I live in Clear Lake area of Houston and have caught Blue Cats
in Clear Creek in Webster, TX. Two years ago I caught one that 
was 23 lbs on cut mullett. I understand that Blue Cats can stand
brackish water, I was told in the deep water of Clear Lake with
a boat you can get into some good cats, and sometimes the 
shrimpers get them in there nets from the bay!

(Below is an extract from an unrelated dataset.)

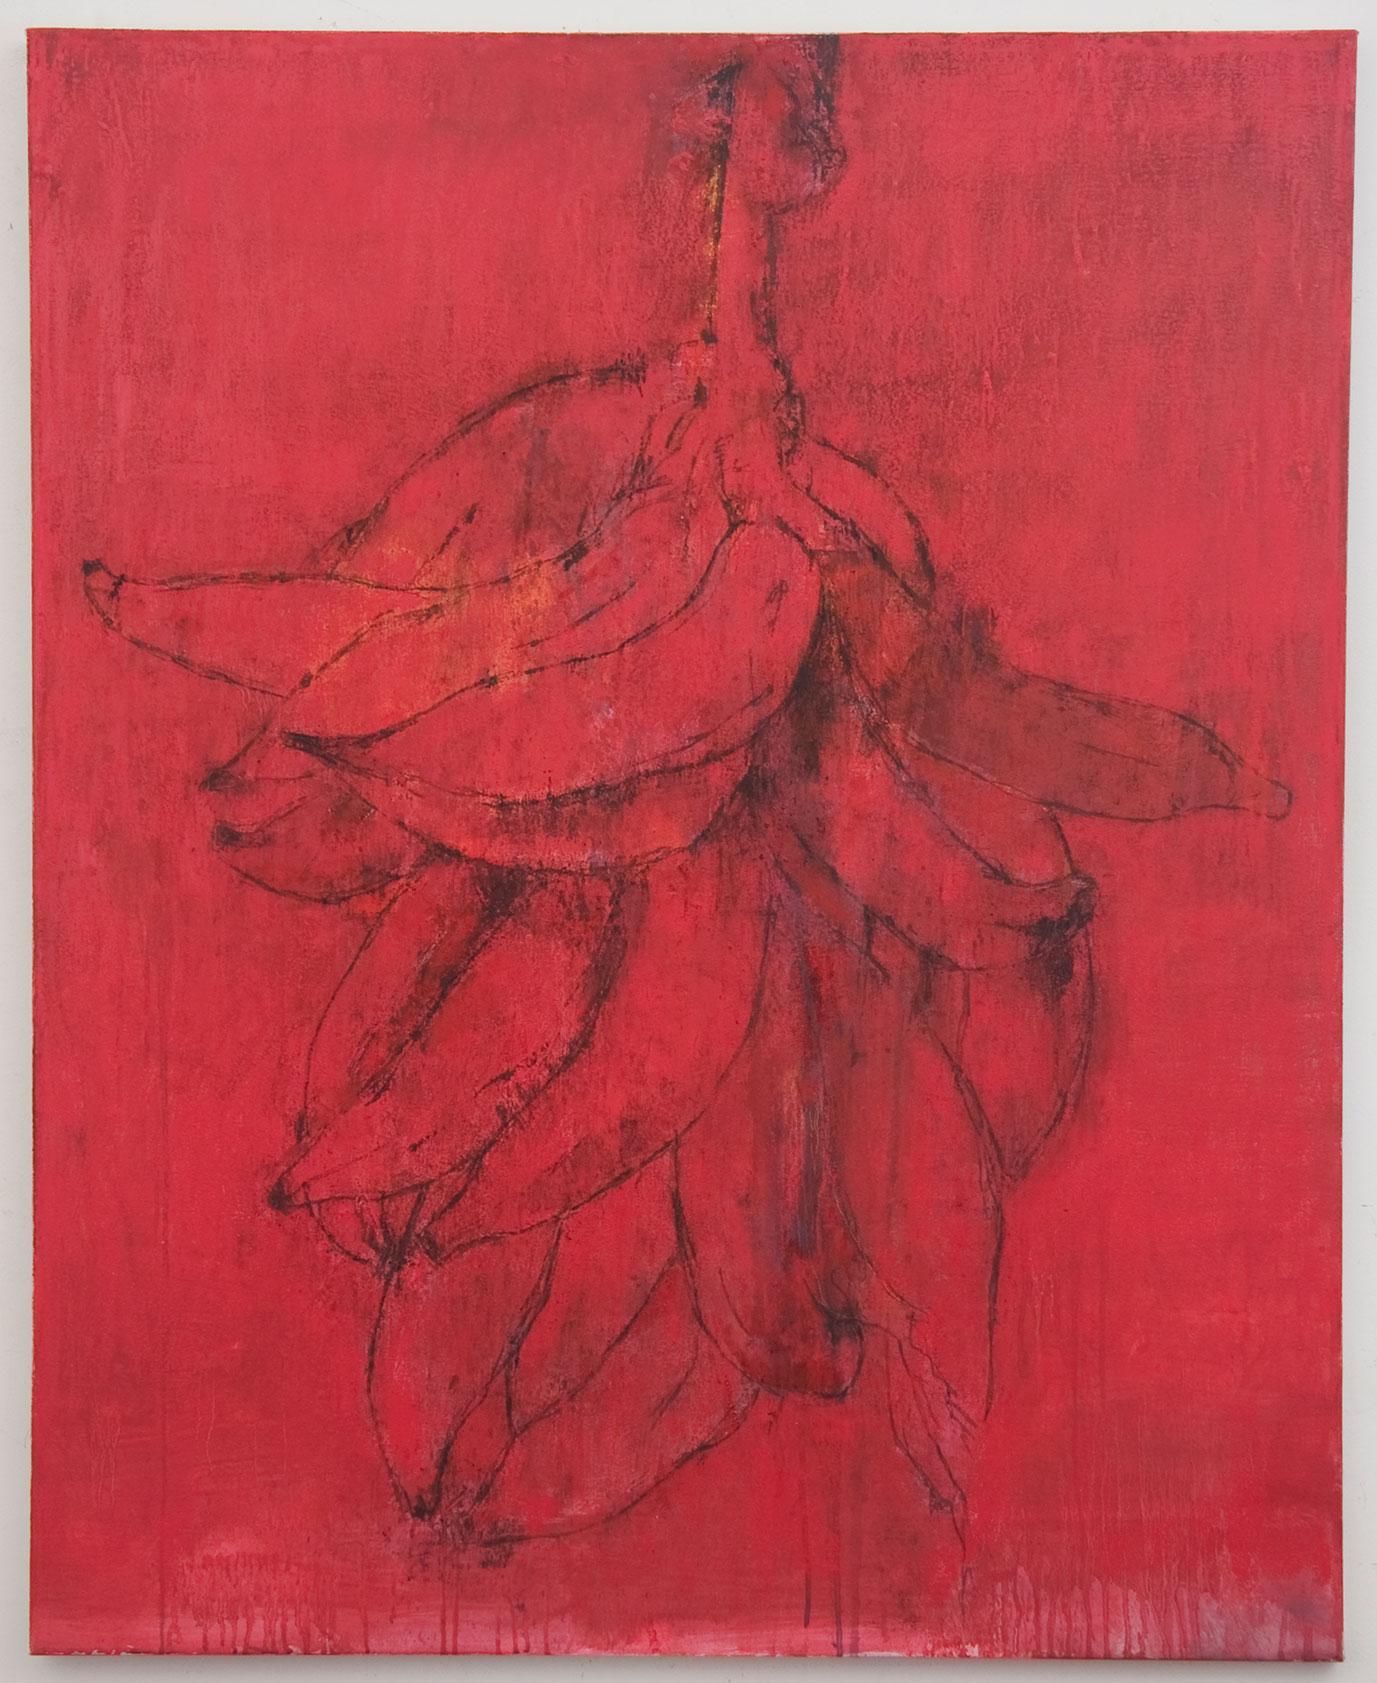 """Platanos Rojos"" by Jose Camacho"

So, I want to find out from the catfish forum, have any of
you guys caught cats out of brackish water? and Info about
how to. I do know when the rain is coming down the cats are
on the move.


----------



## Catfish (May 21, 2004)

I am no expert , however I know there are a few guys on this forum that fish Brackish almost exclusively ..


----------



## Hawkeye (May 21, 2004)

I fish in brackish water for Blue Catfish a lot of the time. In additional to being brackish, it's tidal water too. We fish for blues in many different ways, and it's hard to tell all in a few words. Fishing from the bank is done the same way as in fresh water with the exception that it takes a lot of weight to hold bait when the tide is ripping. From a boat, we usually anchor in a creek mouth and fish incoming tide on the mud flats. In the deeper parts of the river, we anchor on the up tide side of a hole and feed bait (usually cut shad) into the hole and allow mr. whiskers to come to us. There are a lot of different techniques for catching about any species alive, but anchoring upstream or uptide from where you think the fish will come from and putting out plenty of baits is what seems to work best for us on The James... probably a whole lot like fishing for catfish on any river anywhere in the world... no secrets that I am aware of.. Big baits generally keep the dinks off... that's about it.
Tom


----------



## NightTrain (May 21, 2004)

*Tidal Cats*

Surfishwant2be-
Most all of the rivers in Va.(Potomac,Rappahanock,York,James)and N.C.(Roanoke,Neuse,Cape Fear,etc.)are tidal to a point.The salinity levels will fluctuate with the amount of fresh water flowing out.Low water flow will allow the saltwater to push upstream to mix and become"brackish".I wonder how far inland the salinity will push,with all the downpours ya'll have endured in Texas,lately.During one dry spell,last year,I remember folks talkin' 'bout catchin' spot & croakers as far inland as the"fall line" in downtown Richmond...which if'n ya know your geography is"a fer piece"to the coast.I also know that you can catch lg.mouths,cats,and bluegills in the same water as flounder and croakers(the mouth of any river that enters bay/sound waters).Good luck to ya,podna...give us a report.


----------



## gatorbait (May 21, 2004)

*Brackish Cats*

I fish upper Trinity Bay which is usually brackish(except right now!LOL) and I have come home more than once with specks and blue cats in the box. I have found one of the best baits for blue cats in these brackish water are mud minnows. Keep em alive and then cut them into thirds right before you put it on the hook. You can usually catch 4 or 5 fish on one piece before they finally crush it. Only major problem we have with fishing for cats in brackish water is the crabs. They are a problem, that is why I usually only catfish in the winter time since the crabs migrate out when the water gets cold. Also, tidal flow is a must. If the tide isnt moving for us then we arent catching. Always fun to be catfishing and pull up a 3-4 ft shark. Never know whats gonna happen in these waters.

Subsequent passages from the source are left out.